Não é possível passar em branco a atitude de excomunhão dada aos envolvidos nesse aborto, quando mais que provado estava que a mãe, que sequer sabe o sentido da maternidade, não podia conduzir uma gravidez que punha em risco mãe e crianças. Atitudes desse tipo, que parece ser doutro mundo, doutra era, só vêm confirmar que o interesse das igrejas - e agora não me refiro apenas à católica - não tem sido na vida, tampouco na alma dos fiéis. Tenho impressão de que elas sequer sabem o que é vida e o que é alma e se utilizam de conceitos forjados sobre as duas coisas no intuito apenas de congregarem o maior número de fiéis em torno das suas causas próprias - a alienação dos indivíduos e a expropriação de recursos materiais em torno de um enriquecimento ilícito e da ampliação dos horizontes de dominação ferrenha, ditatorial e retrógrada.

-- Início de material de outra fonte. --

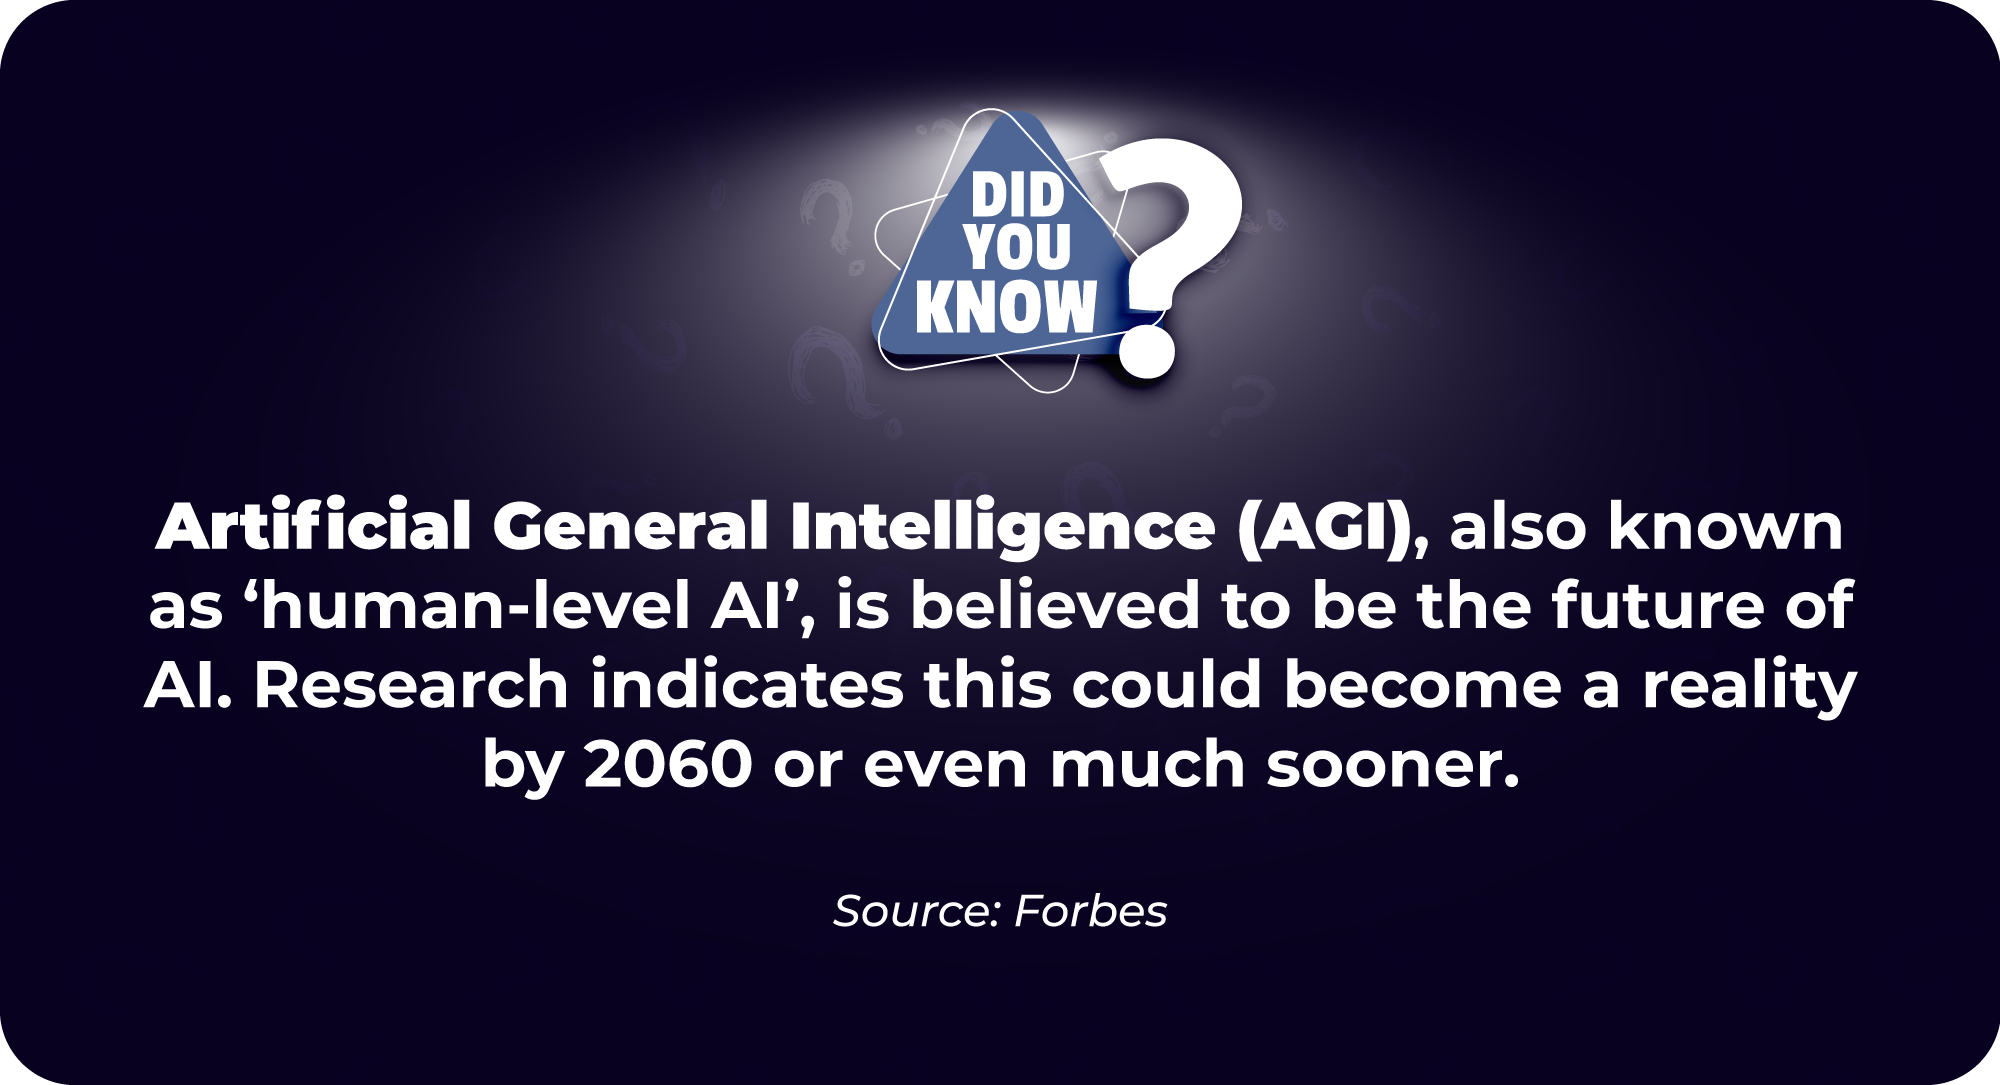 The future of AI is AGI
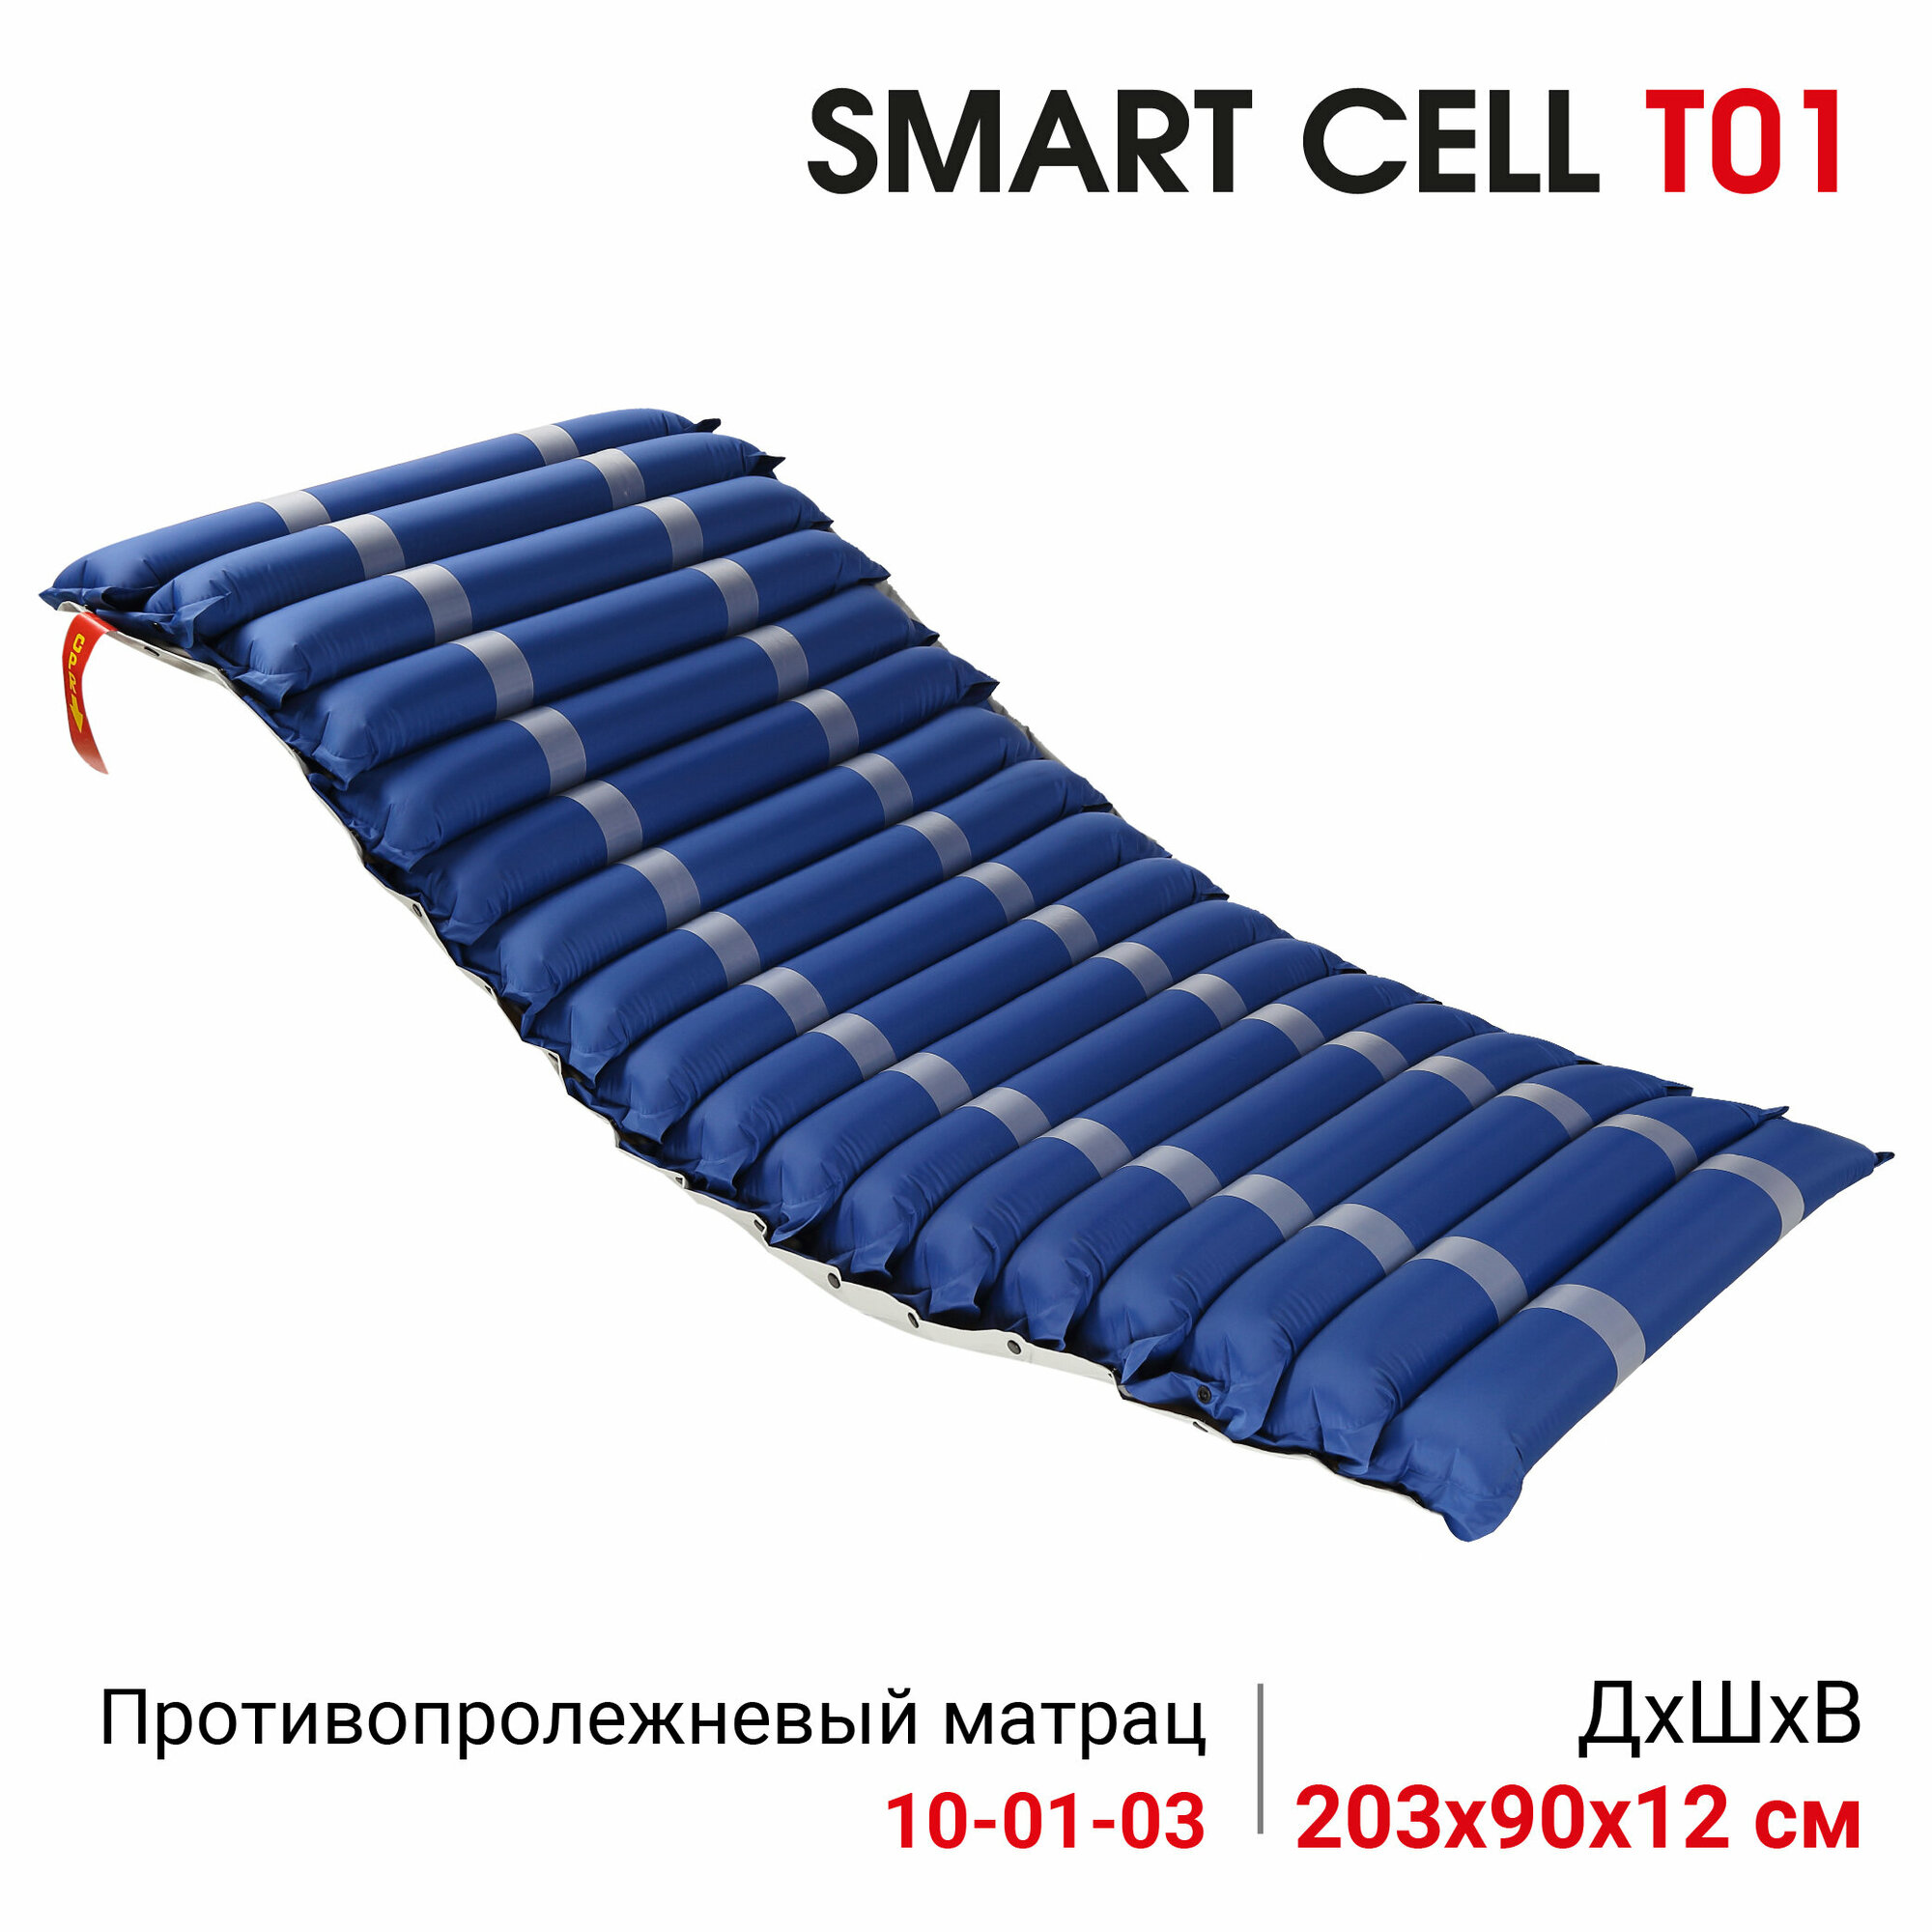 Система противопролежневая трубчатая с компрессором и режимом статик Ortonica Smart Cell T 01 до 150 кг Код ФСС 10-01-03

A meu ver estão todos padecendo duma esquizofrenia que veda o olhar para o sentido daquilo que de mais belo o discurso religioso deturpou: os ensinamentos de Cristo. A meu ver não pode existir reflexão sobre a vida em quem a extermina, seja pelos negros anos da Inquisição, seja pelos negros anos de moléstia contra crianças e adolescentes em corredores de igreja ou fora dela por seus representantes legais - e estes anos ainda perduram até hoje. Não pode existir reflexão sobre a vida em quem defende a inexistência do extermínio dela. Não pode existir reflexão sobre a vida em quem defende - e nisso eu nem tinha tocado - o não uso do preservativo, única forma mais segura de se evitar o vírus da AIDS. Enfim, não pode existir reflexão sobre a vida em quem defende contra as leis da ciência e até as do senso comum a morte.


* Texto publicado no jornal Correio da Tarde, 16 de março de 2009.